You may choose to get a power chair instead of a scooter when your child’s walking becomes more difficult, since they can also begin using it on a part-time basis. The advantages of the chair over the scooter include the ability to provide postural supports and a tilt-in-space mechanism from the outset. Additionally, the big financial outlay is made just once, with the understanding that a good chair will last for many years.

When should I change from a scooter to power chair?
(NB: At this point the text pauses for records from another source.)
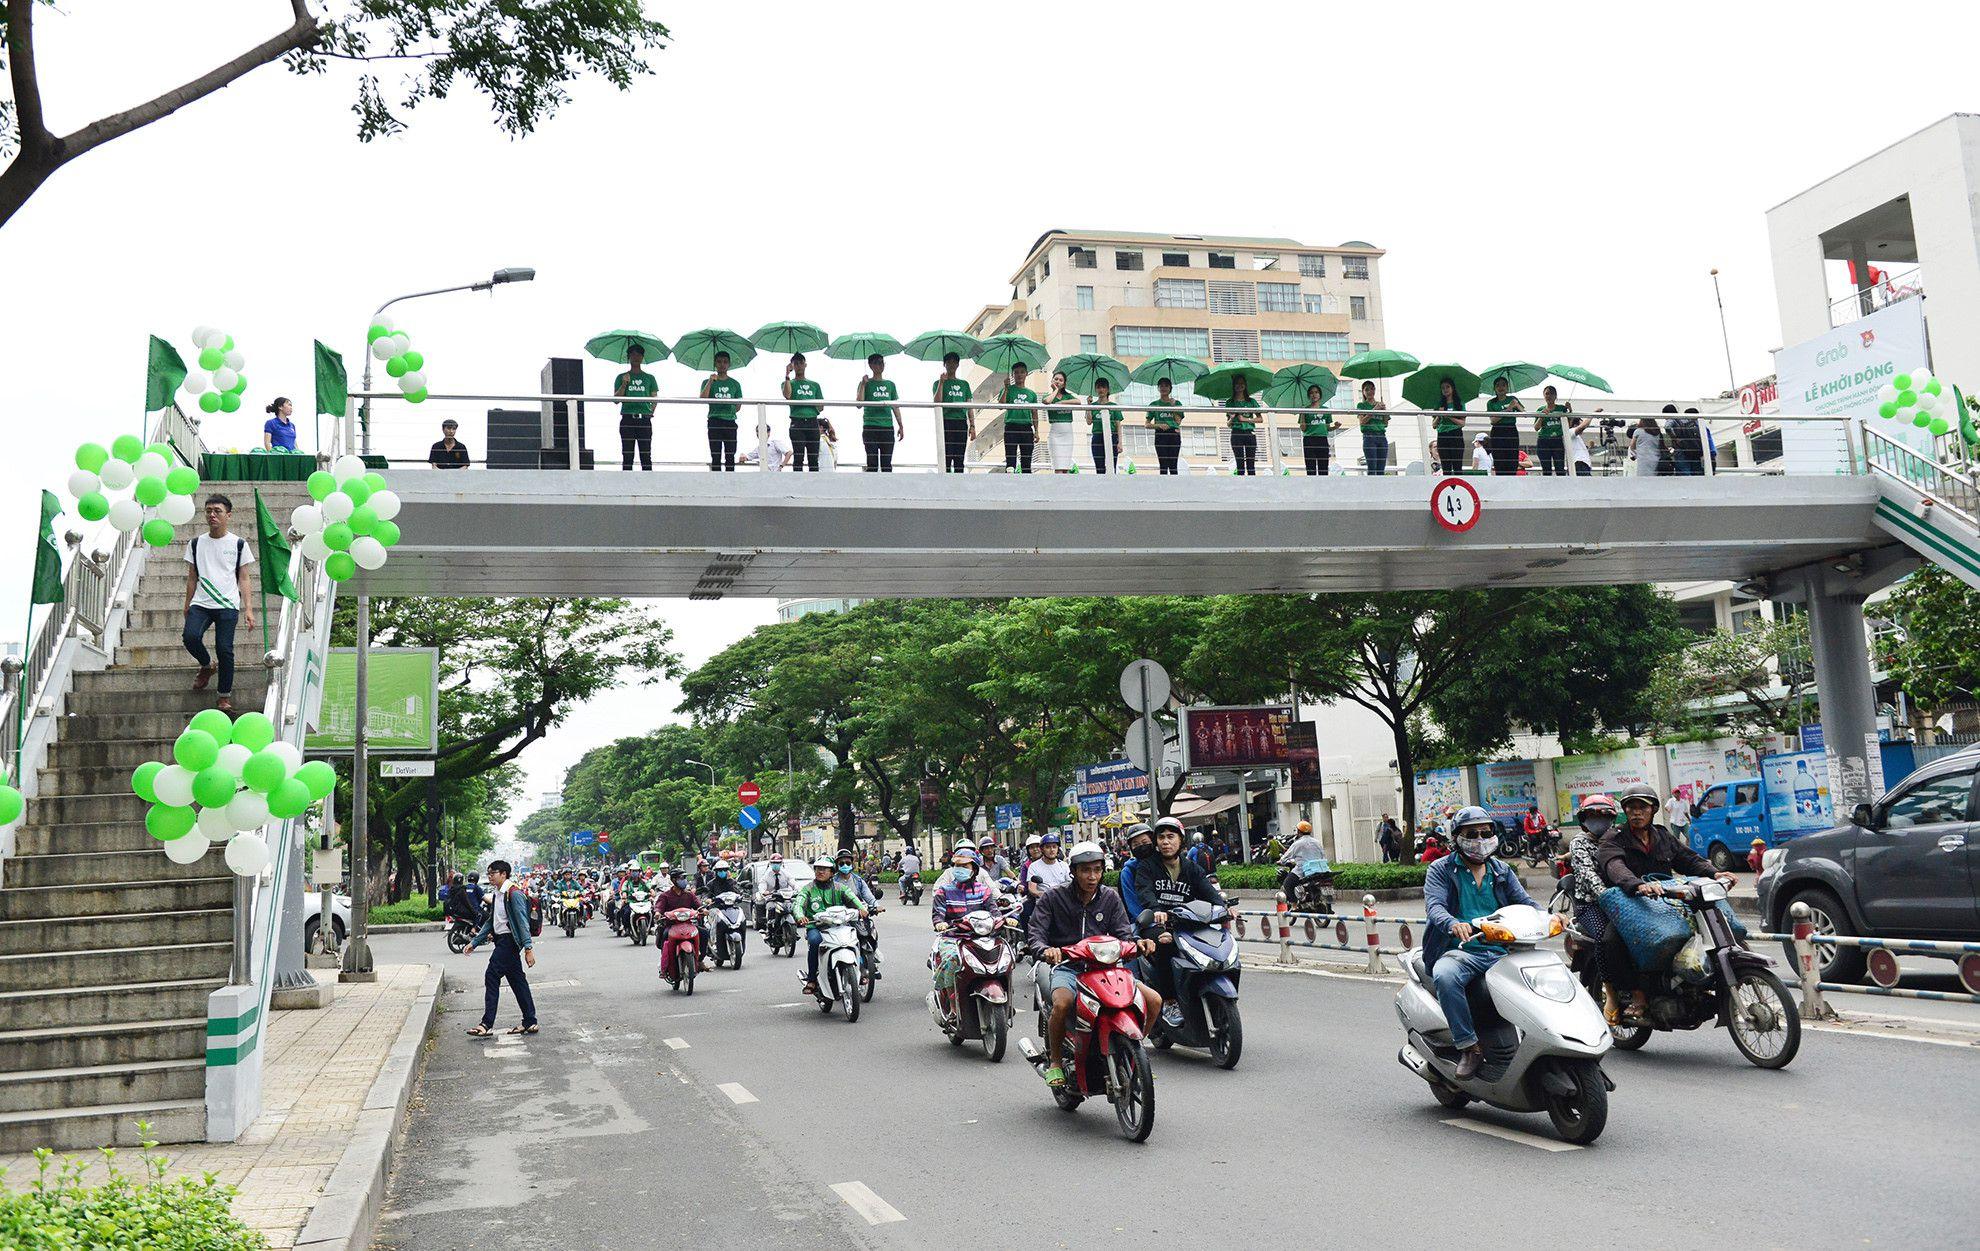 Cầu bộ hành Sài Gòn được phủ xanh, thu hút nhiều bạn trẻ Ảnh 4
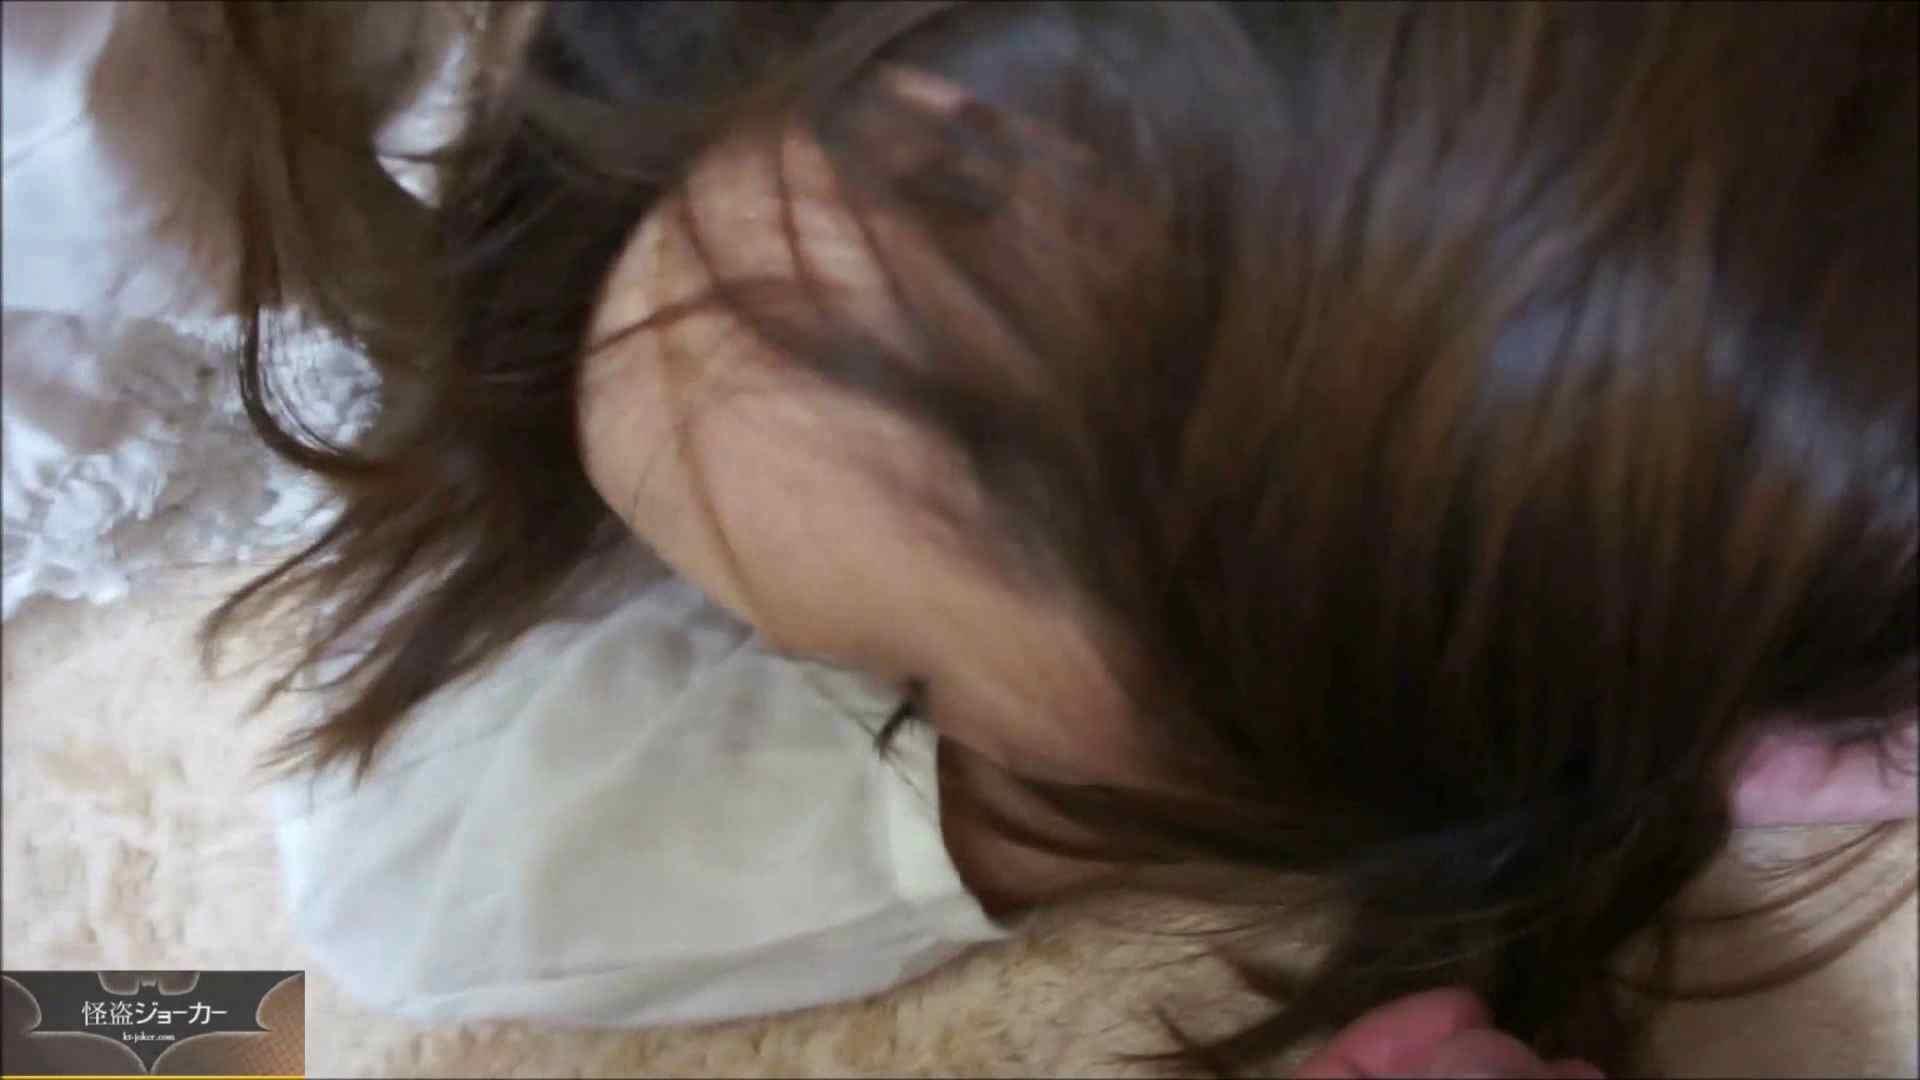 【未公開】vol.23 ユリナ、寝取られのアト。 友人 | OLの実態  75pic 1
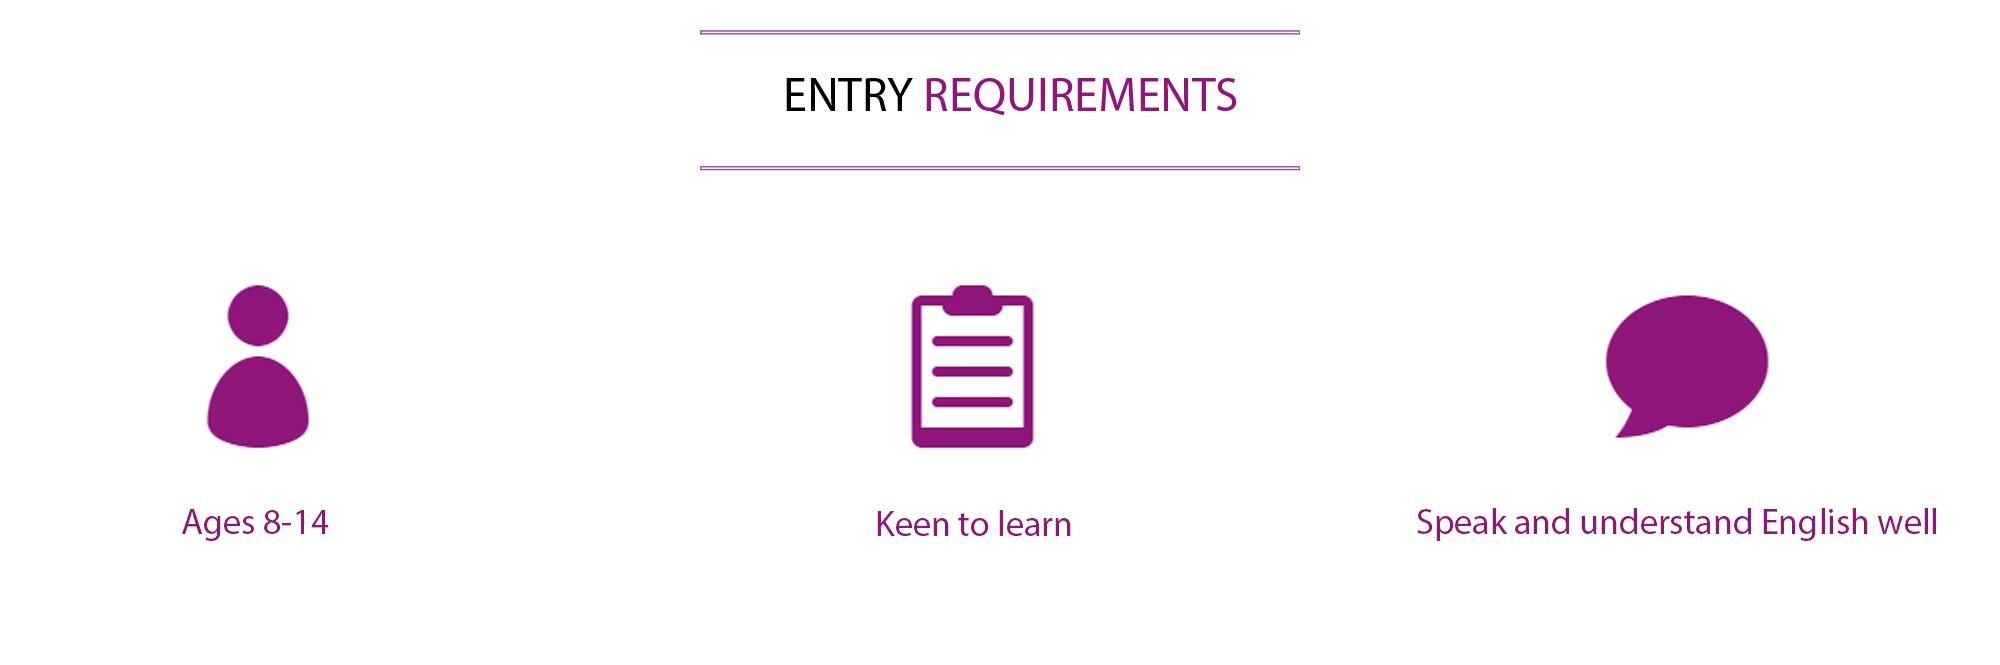 debate--skills-entry-requirements.jpg
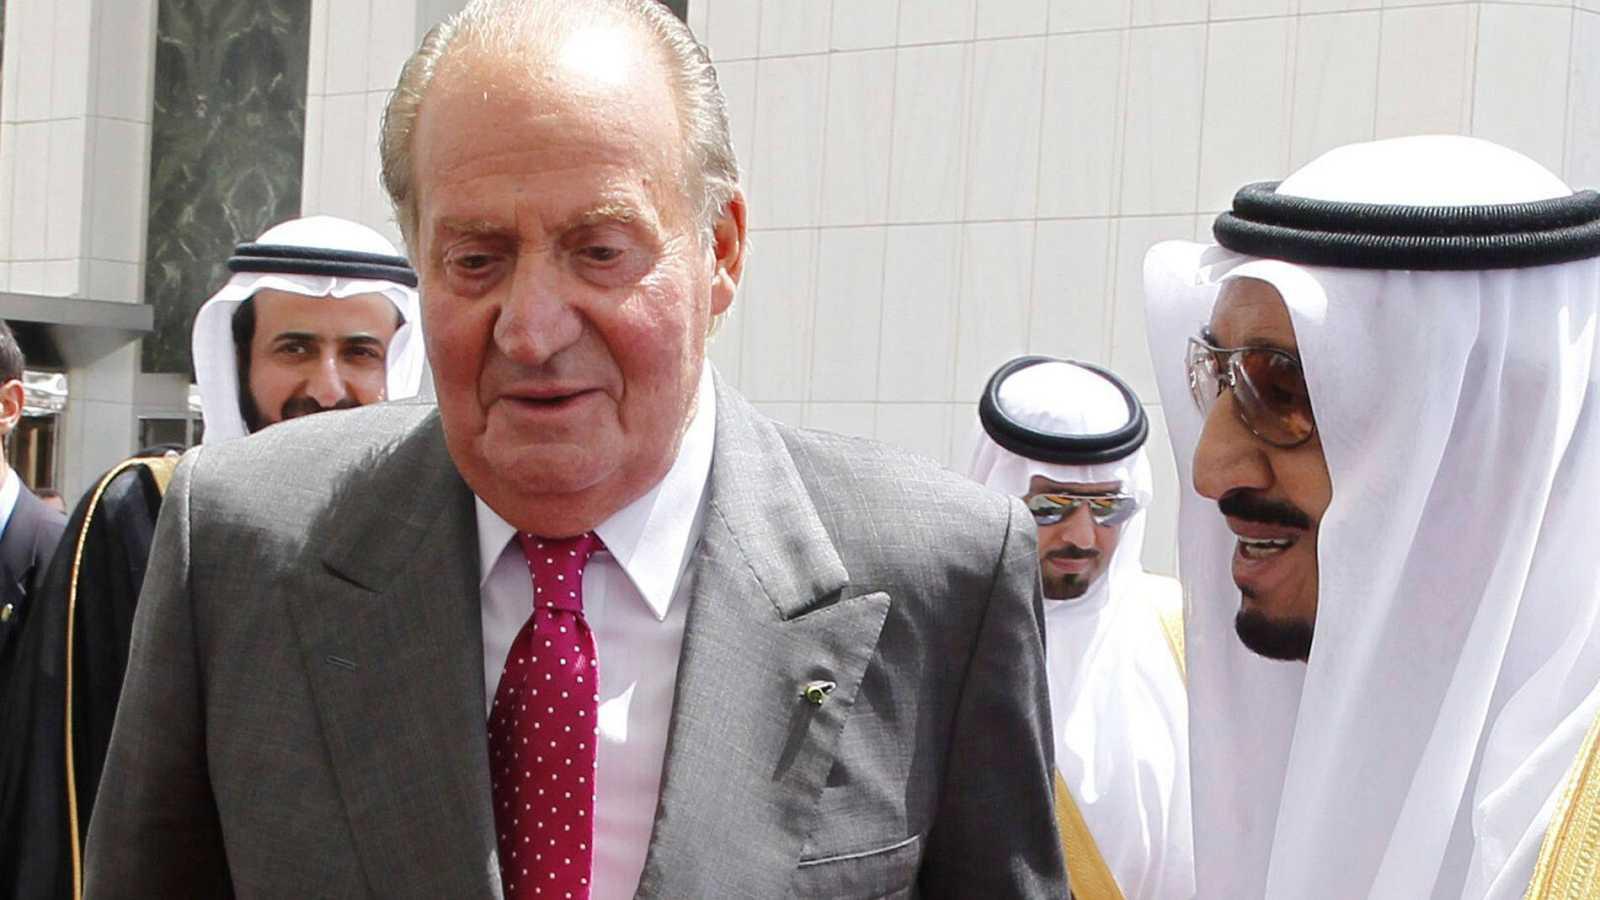 Suiza investiga una presunta comisión al rey Juan Carlos por el AVE a La Meca

The decision to change from a scooter to a power chair has to be made on an individual basis. Each person is different, as are your needs. If you continue to sit well and straight with no need to lean in any direction for support, and if you do not get tired or need to alter your position for comfort or to rest, then a scooter is still a good option for a little longer. However, it is wise to prepare to provide a good power chair before the needs become apparent, to ensure that effective postural support, electronic tilting, and reclining mechanisms are available.

Should I wear a seat belt?

Yes. Seat belts help prevent broken bones result from falls from wheelchairs. Traditionally they are set at 45 degrees at the junction of the back and the seat.

Will my child need driving lessons before he has a power chair?

Most people with Duchenne are excellent drivers and rarely need more than basic instruction before they are competent.

Controllers are normally proportional control, which simply means that the harder you push the faster it goes, similar to a car accelerator. A number of forward speeds are preset to meet each person’s needs, and there’s usually only one reverse speed. Speeds suggested are: slow for inside the home and classroom; medium for the playground or outside areas where there are many people; and fast for outside, long distance, and for when speed is needed.

Why is it recommended that people first use their power chair on a part-time basis?

Full-time wheelchair use occurs gradually and with fewer problems for a person who has been a part-time power-chair user. The transition will occur more smoothly for both you and your parents if you don’t think of the wheelchair’s arrival as a dreaded milestone, but something that provides independence. You can use the same chair until you outgrow it, making the initial outlay worthwhile. A good chair will be adjustable to accommodate growth.

Posture is important in a chair. What should we be looking out for?

Parents can play a very important role by being diligent observers of their child’s growth and posture in the chair. If changes such as more leaning or slouching, become evident, the therapist or seating technician should be notified immediately. Making adaptations and modifications in time maintains the best sitting position and prevents possible secondary complications. Supporting a good upright posture can prevent or delay scoliosis and other spinal curvatures.